__What you should do__: From the first line to the last, give the material again exactly, without the images.

__Data provided__:
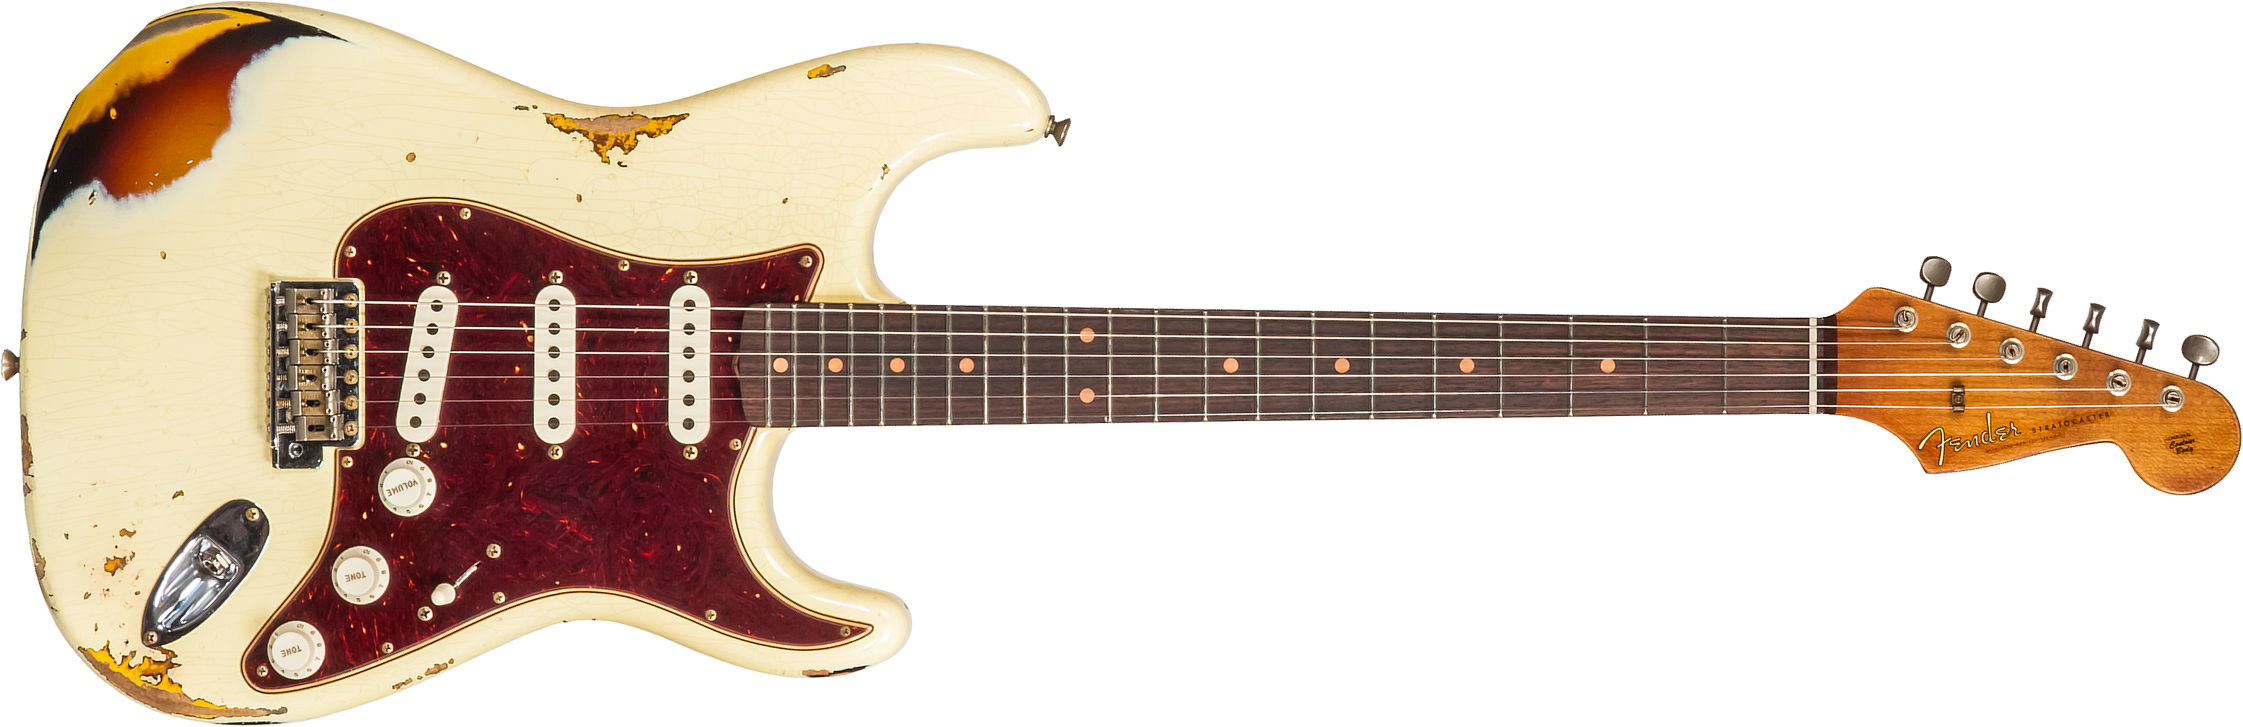 Fender Custom Shop Strat 1961 3s Trem Rw #cz563376 - Heavy Relic Vintage White/3-color Sunburst - Guitare Électrique Forme Str - Main picture
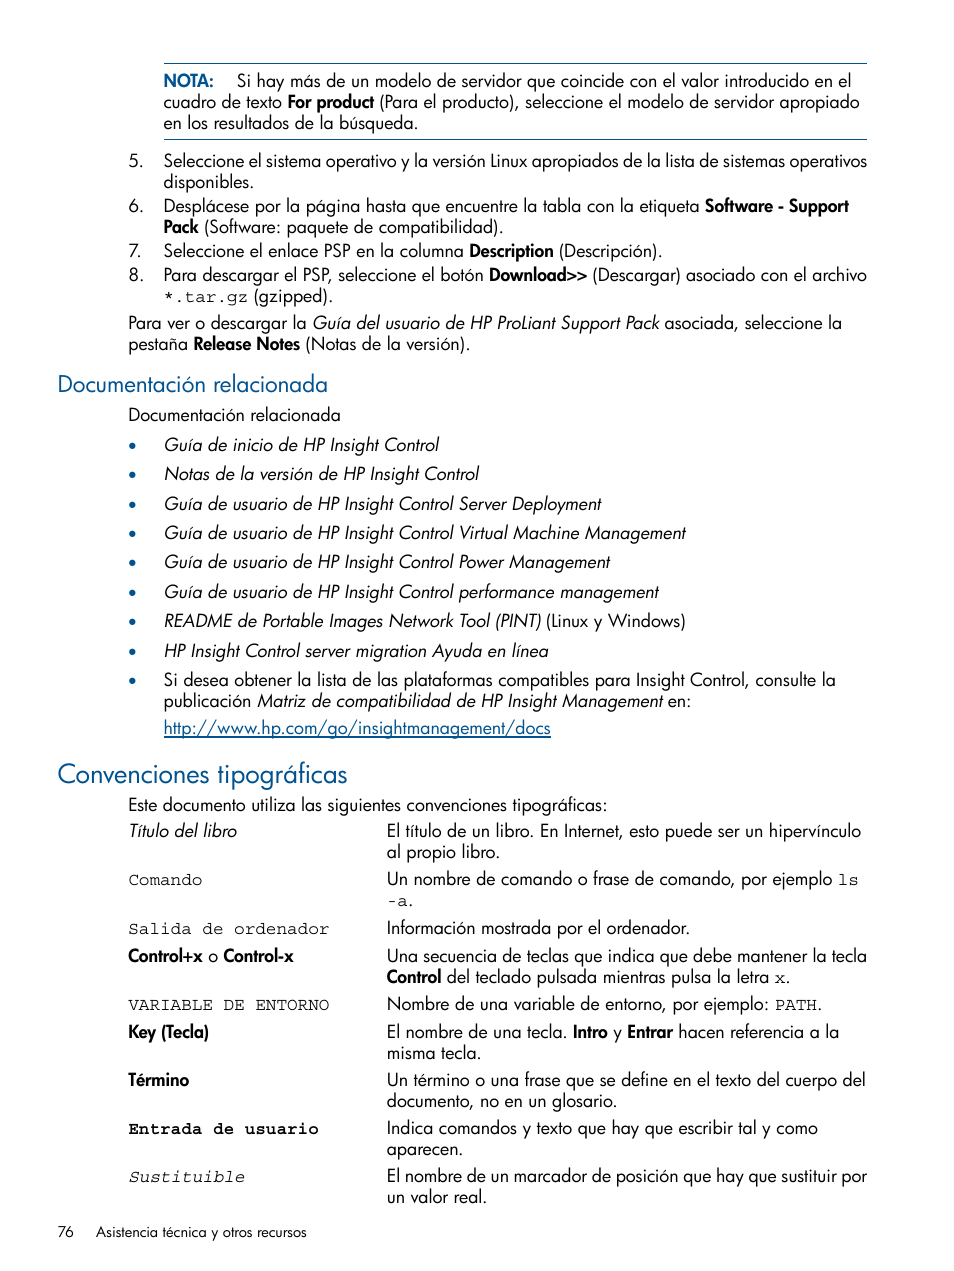 Documentación relacionada, Convenciones tipográficas | HP Software HP Virtual Connect Enterprise Manager Manual del usuario | Página 76 / 87
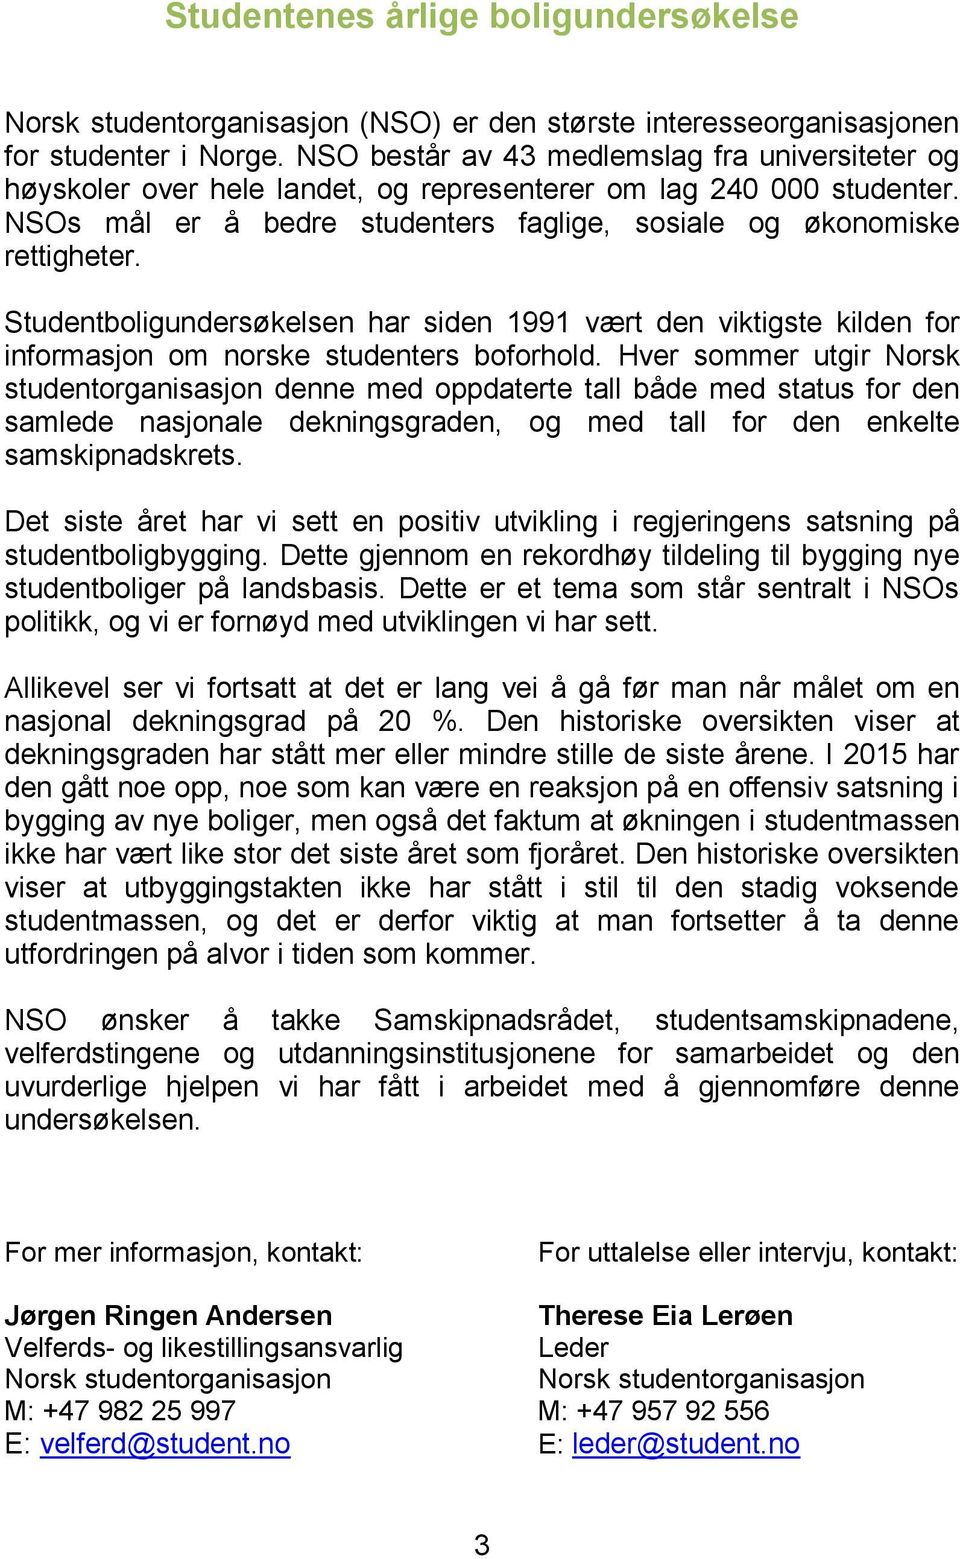 Studentboligundersøkelsen har siden 1991 vært den viktigste kilden for informasjon om norske studenters boforhold.

__Task output__:
 Fender Custom Shop Strat 1961 3s Trem Rw #cz563376 - Heavy Relic Vintage White/3-color Sunburst - Guitare Électrique Forme Str - Main picture
 Documentación relacionada, Convenciones tipográficas | HP Software HP Virtual Connect Enterprise Manager Manual del usuario | Página 76 / 87
 Studentboligundersøkelsen har siden 1991 vært den viktigste kilden for informasjon om norske studenters boforhold.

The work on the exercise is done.